Despite the obvious benefits of innovation and cooperation, antitrust regulators continue to apply traditional competitive effects analysis in an effort to prevent harm to competition. In this environment, technology companies must carefully scrutinize all disclosures made during the standards setting process, the impact of F/RAND licensing commitments, and the effect of portfolio M&A activity on the creation and exercise of market power. Patent aggregation isn’t a new concept, but the increased sensitivity of litigants and enforcement agencies to aggregation issues should lead to increased pressure based on the application of antitrust theory.
Holly House
San Francisco
Many price-fixing cartel actions arise when technology companies face commoditization of their products and prices plunge. Concerned sales personnel grouse with their competition about how cutthroat competition is making matters worse. Meetings occur and documents are created where these rivals then discuss price ranges, capacity reductions, or other means to shore up margins or shares.

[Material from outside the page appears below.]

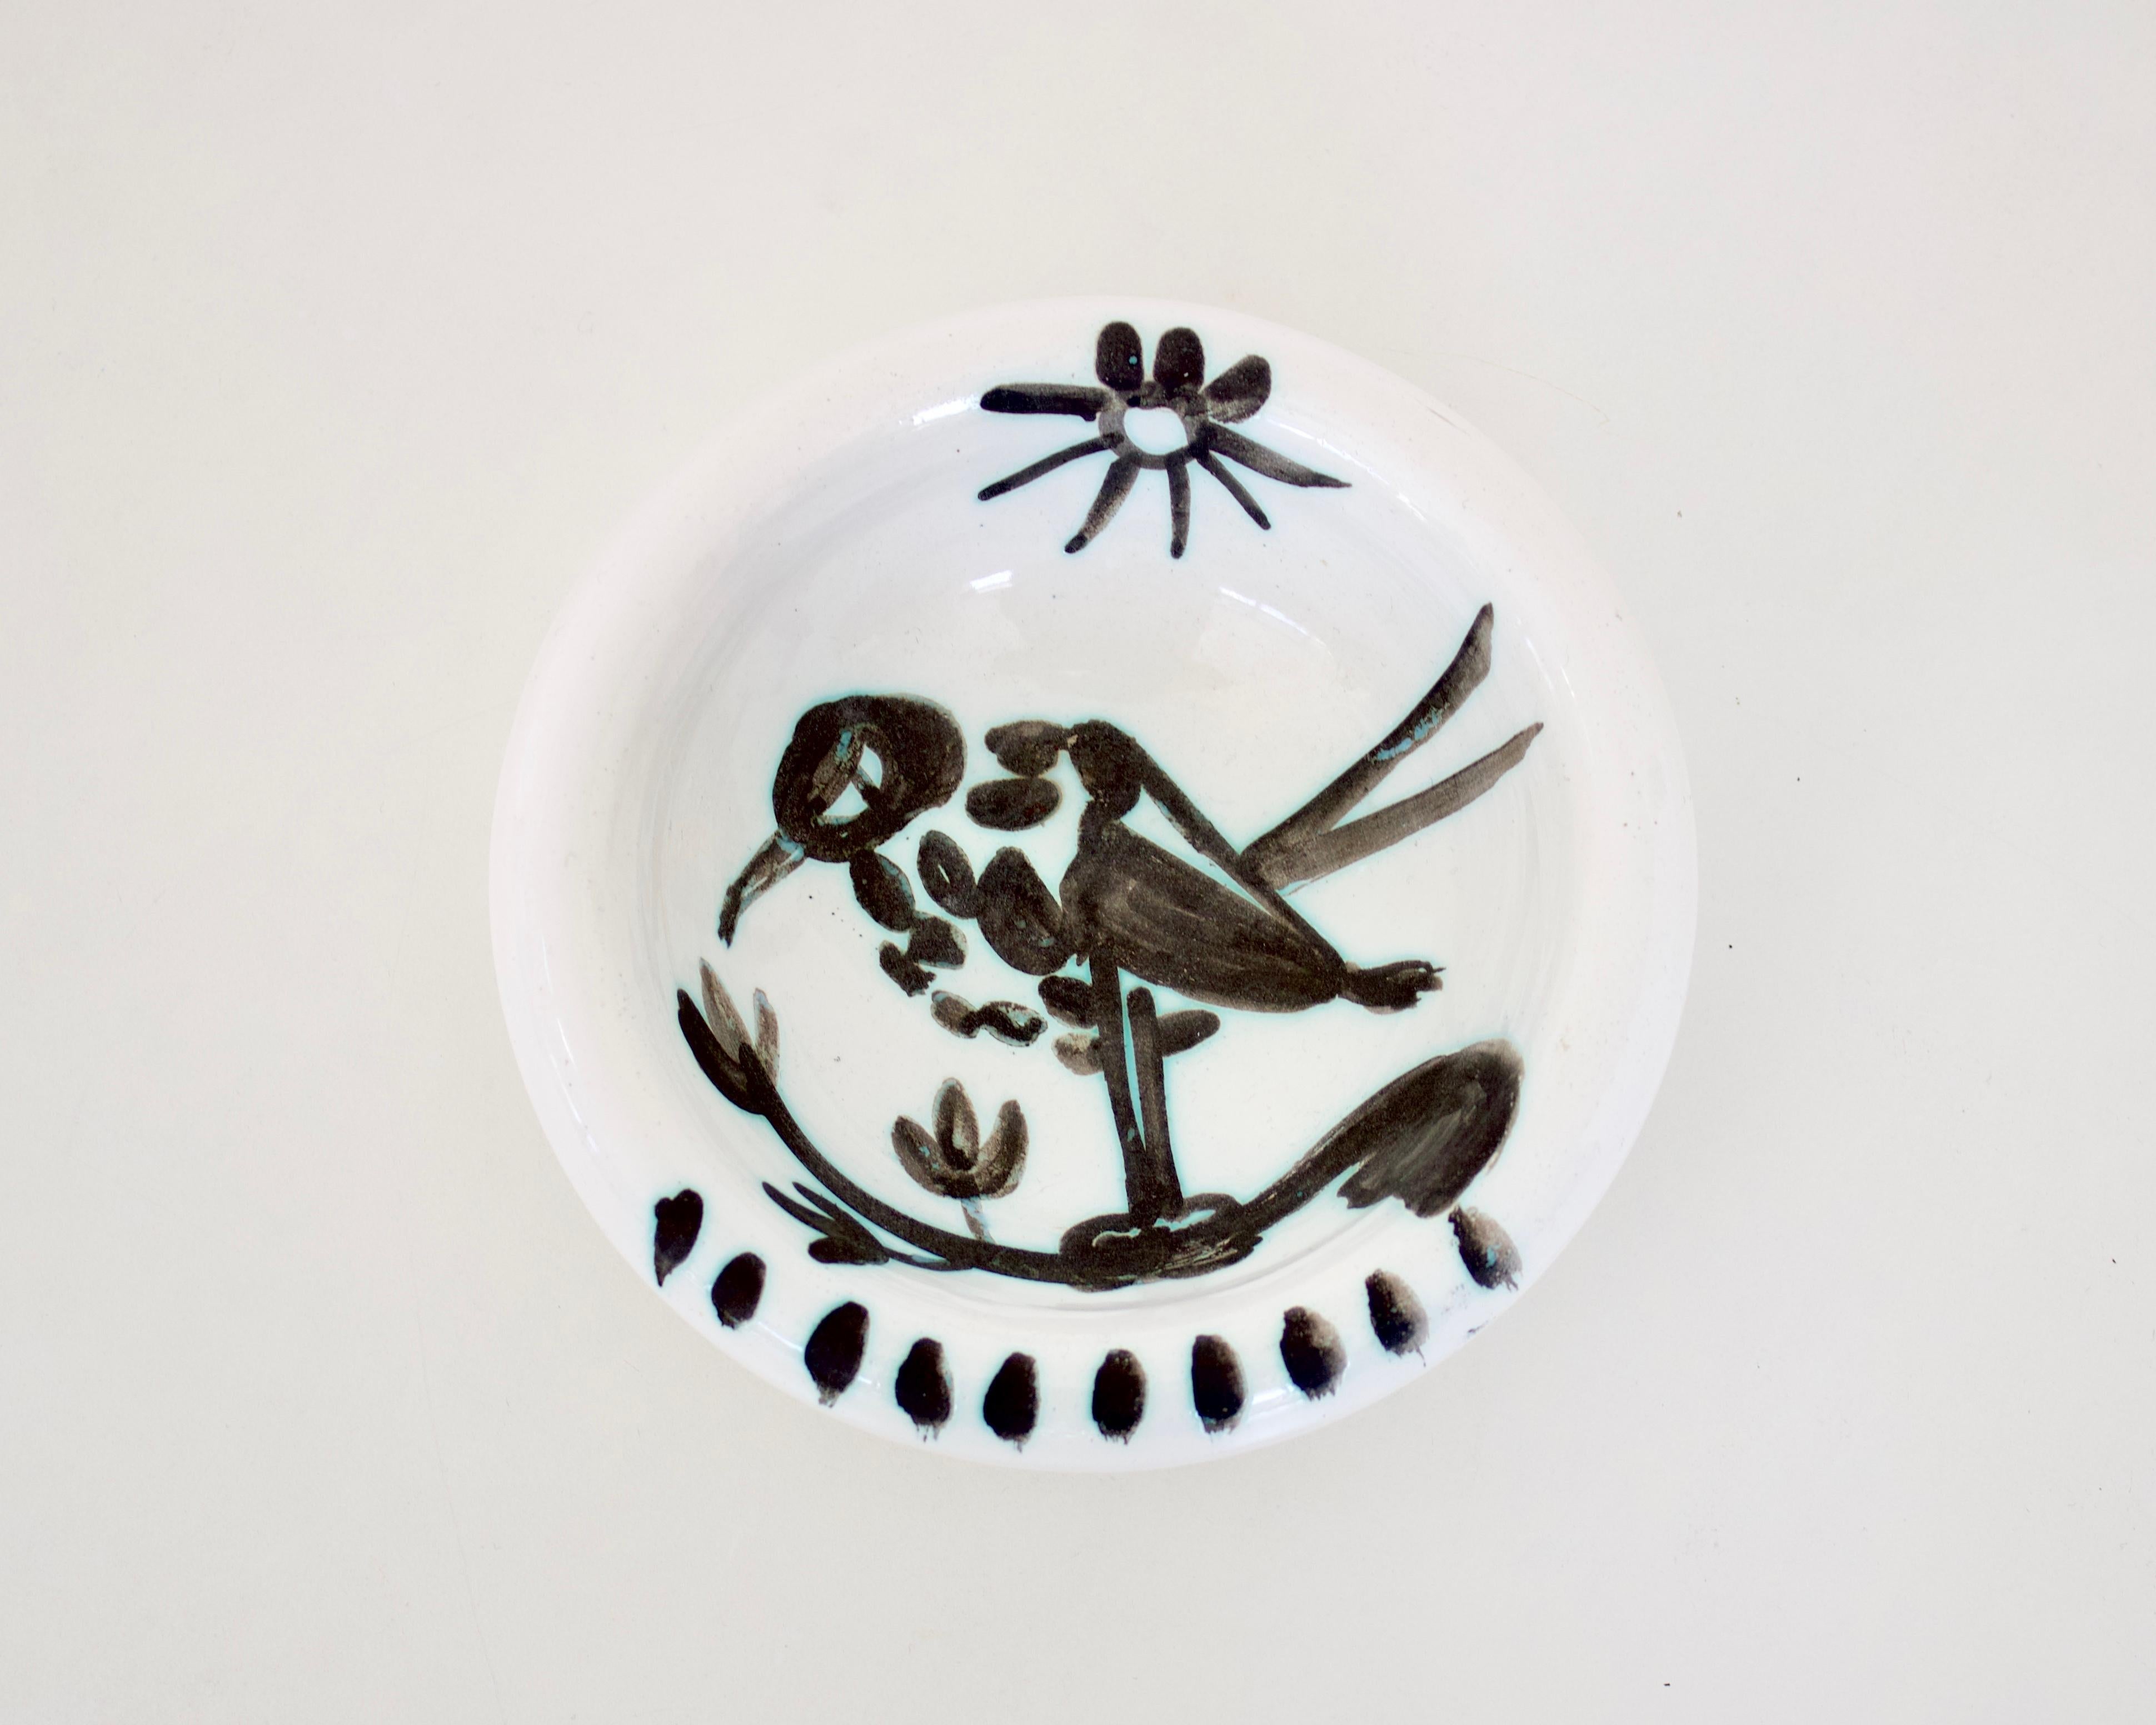 Pablo Picasso Oiseau dish bird with sun, editions Picasso Madoura France, circa 1952. 15 hand painted brush strokes under the birds feet referring to food. 
Impressed with mark to underside Madoura Plein Feu edition Picasso and also with edition

These are the eventual evidence used by prosecutors and plaintiffs’ attorneys to show improper collusion — at enormous future cost to these companies (usually far in excess of any short-term financial benefits). Compliance programs that teach companies’ sales forces what communications are and aren’t legal or prudent and a robust document control protocol are essential to help avoid being ensnared in price-fixing litigation. For companies with large shares of any product or geographic market, learning — and then teaching company personnel — what sales promotions and techniques are off-limits to lock-in customers is also essential to prevent intrusive and expensive agency investigations and fines and the competitor suits that invariably accompany them.